◆ **How to complete this task**:
A verbatim restatement of the data, free of pictures, is what you should output.

◆ **Dataset section**:
━━━━━━━━━━

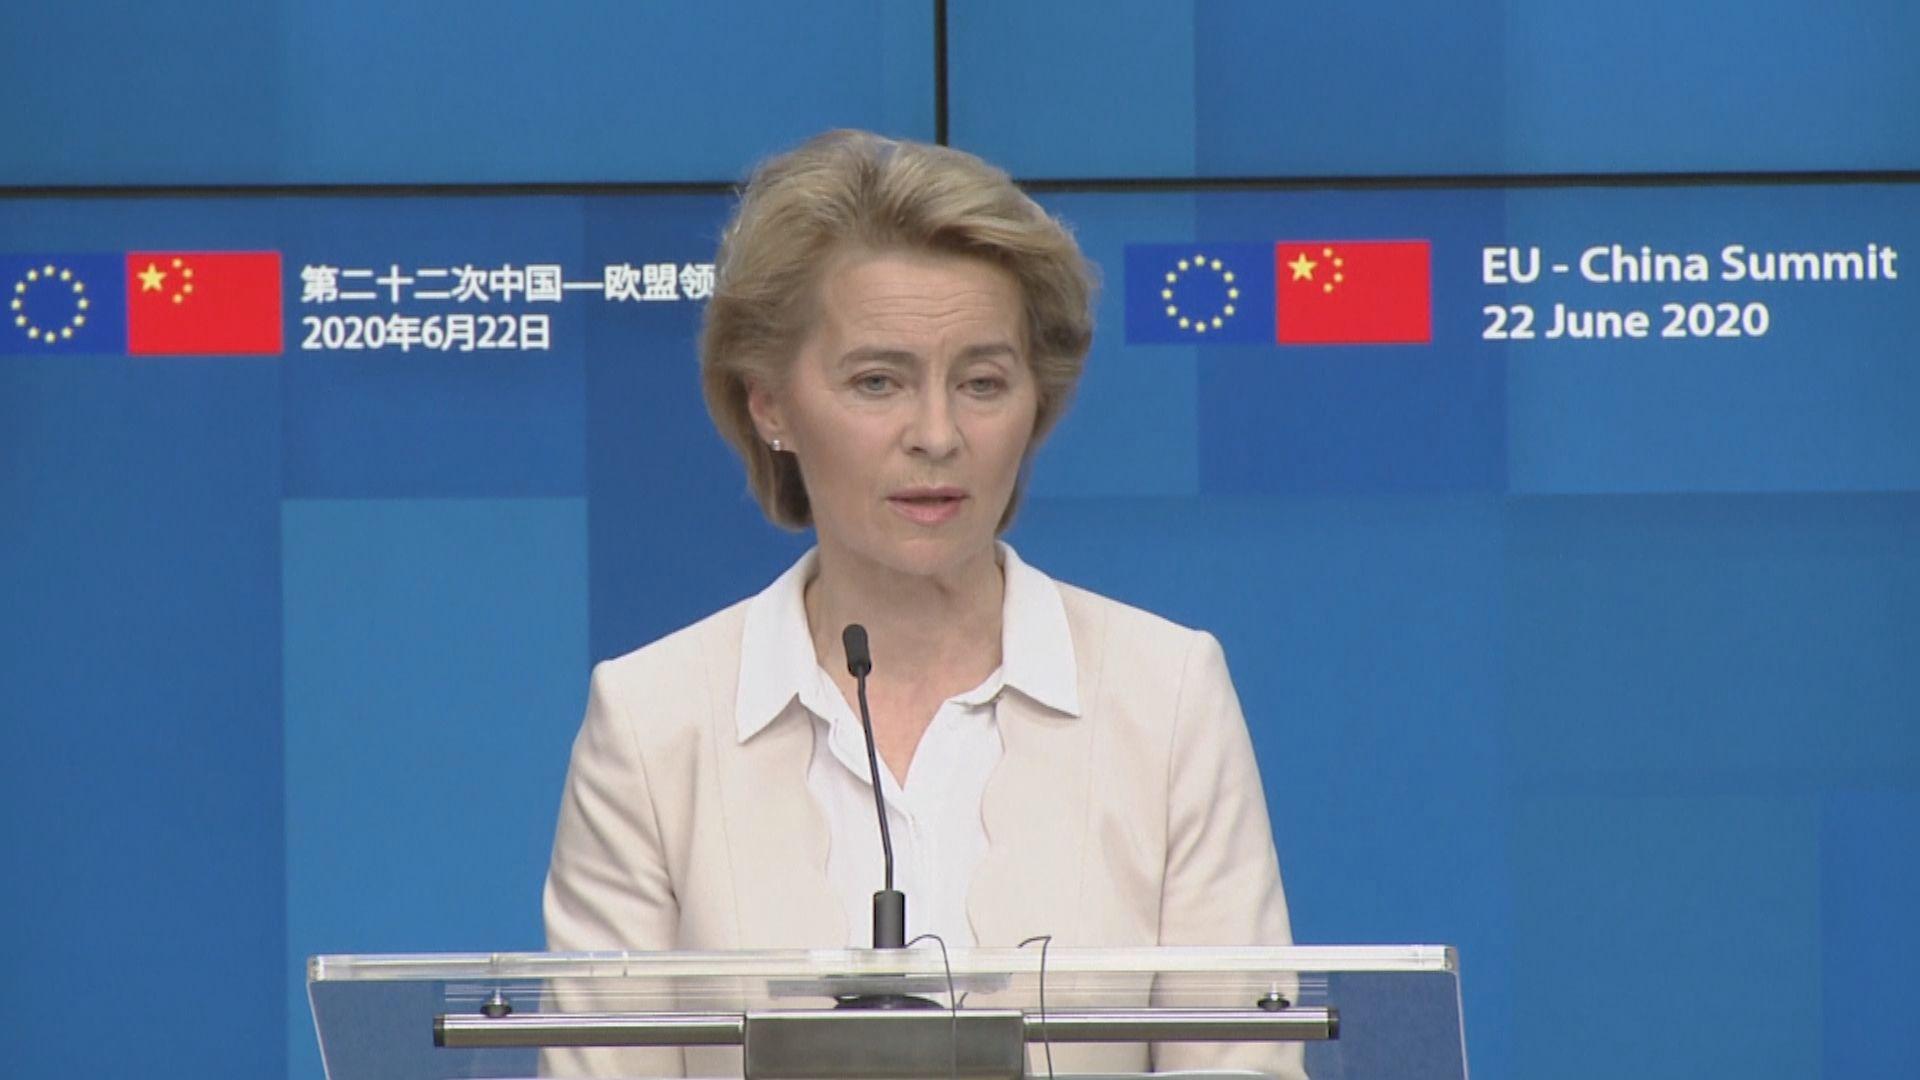 歐盟:國安法一旦實施將會有非常負面後果
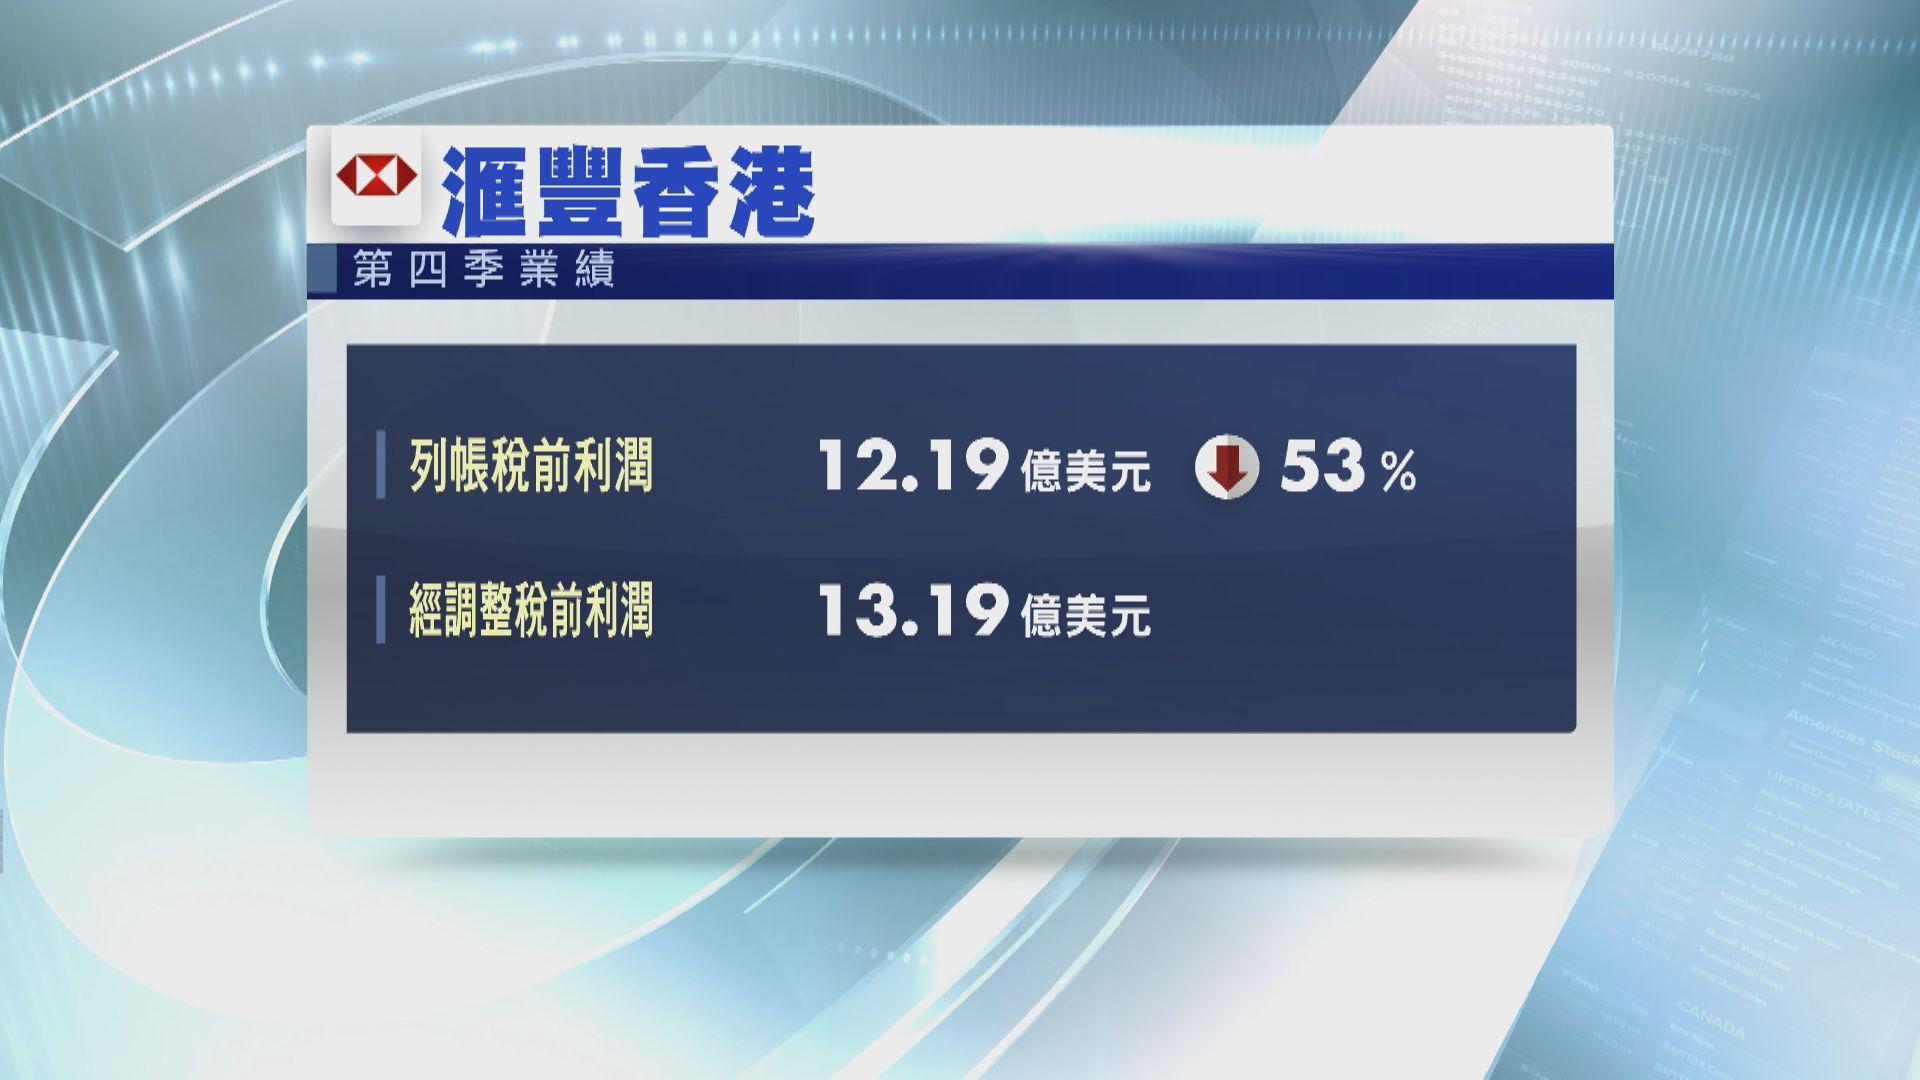 滙豐香港上季稅前利潤跌53%
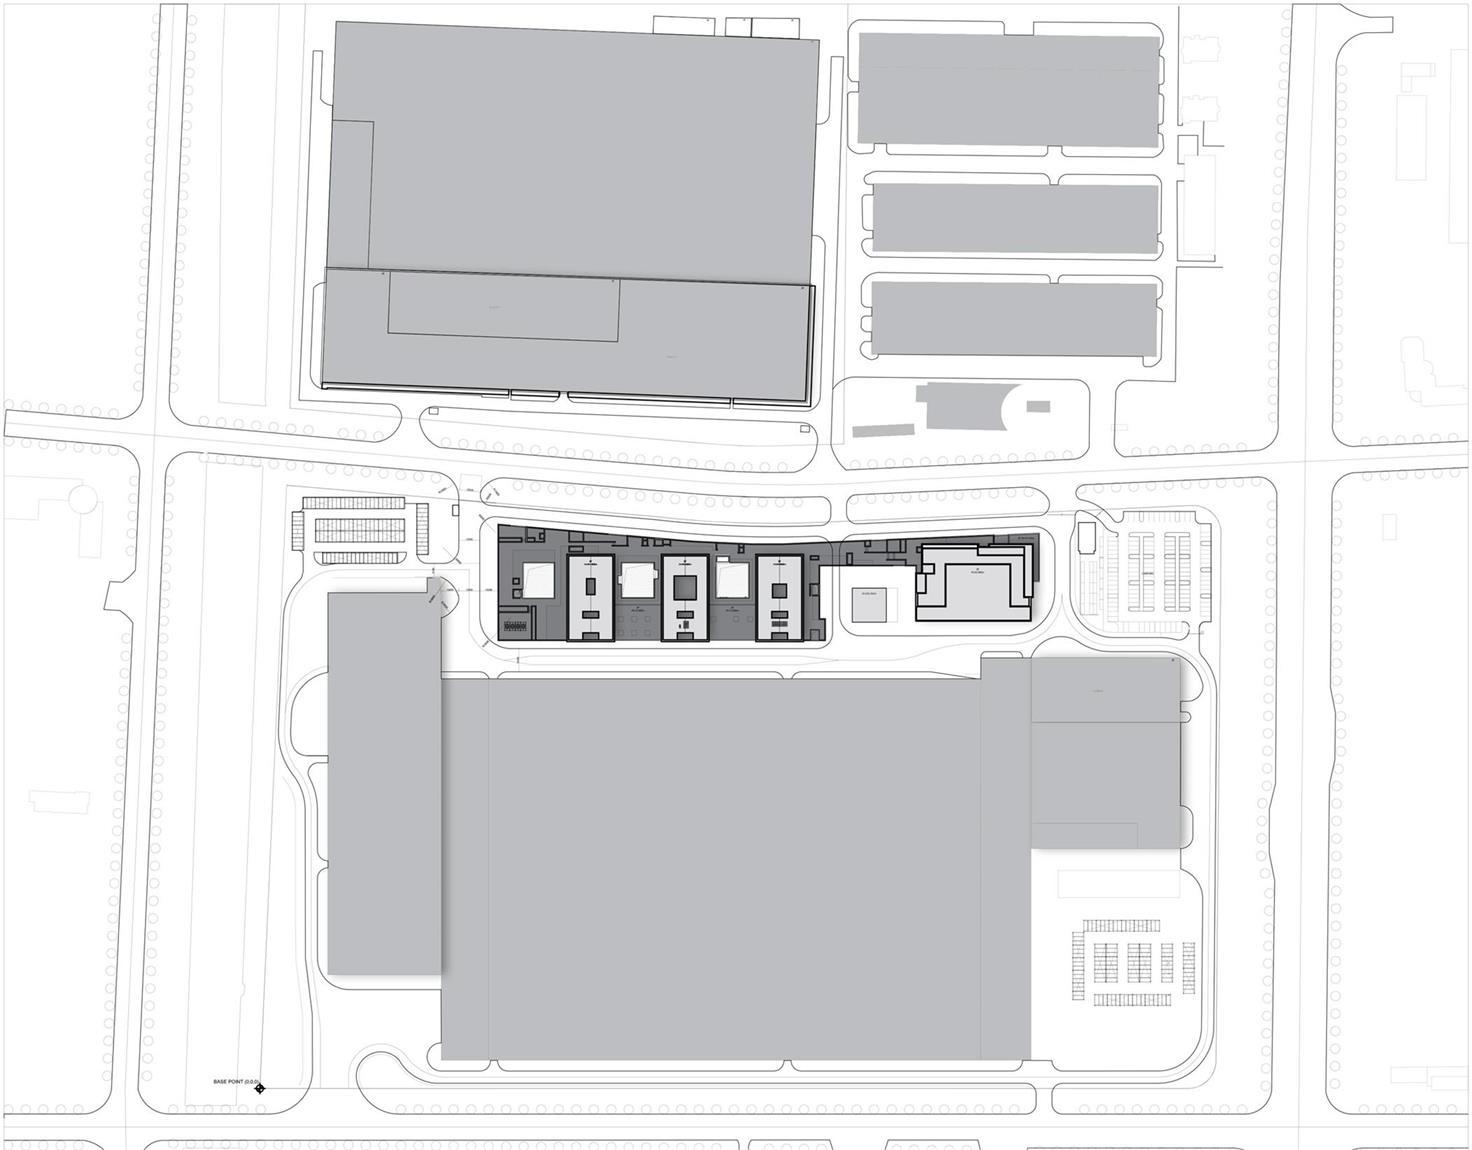 办公楼建筑区位图
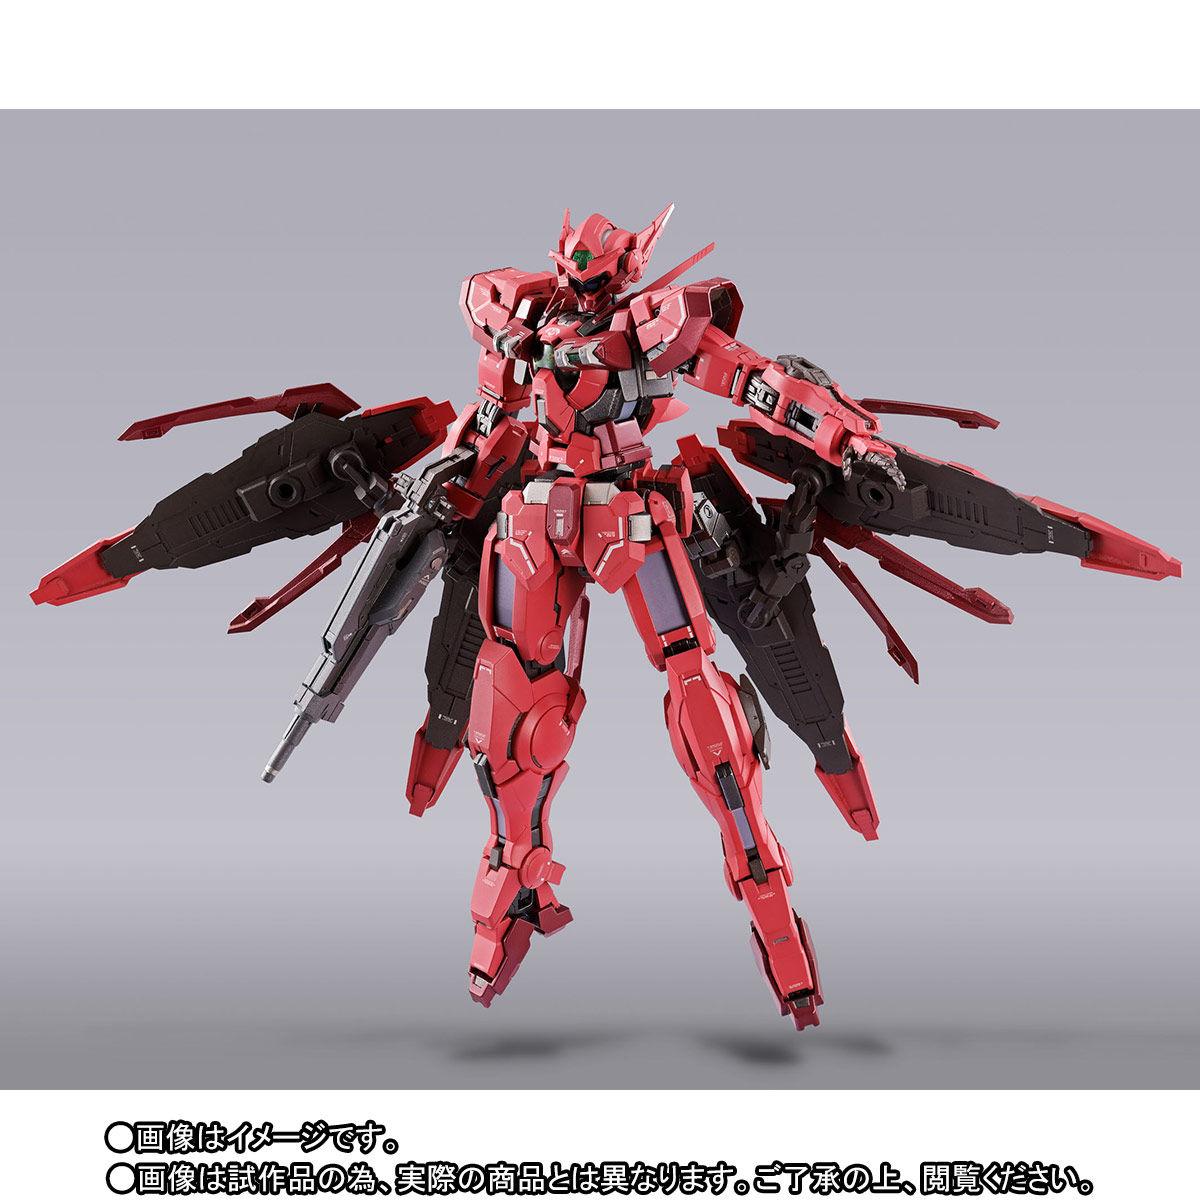 【先着販売】METAL BUILD『ガンダムアストレア TYPE-F(GN HEAVY WEAPON SET)』可動フィギュア-009

━━━━━━━━━━

◆ **Exercise output**:
 歐盟:國安法一旦實施將會有非常負面後果
 滙豐香港上季稅前利潤跌53%
 办公楼建筑区位图
 【先着販売】METAL BUILD『ガンダムアストレア TYPE-F(GN HEAVY WEAPON SET)』可動フィギュア-009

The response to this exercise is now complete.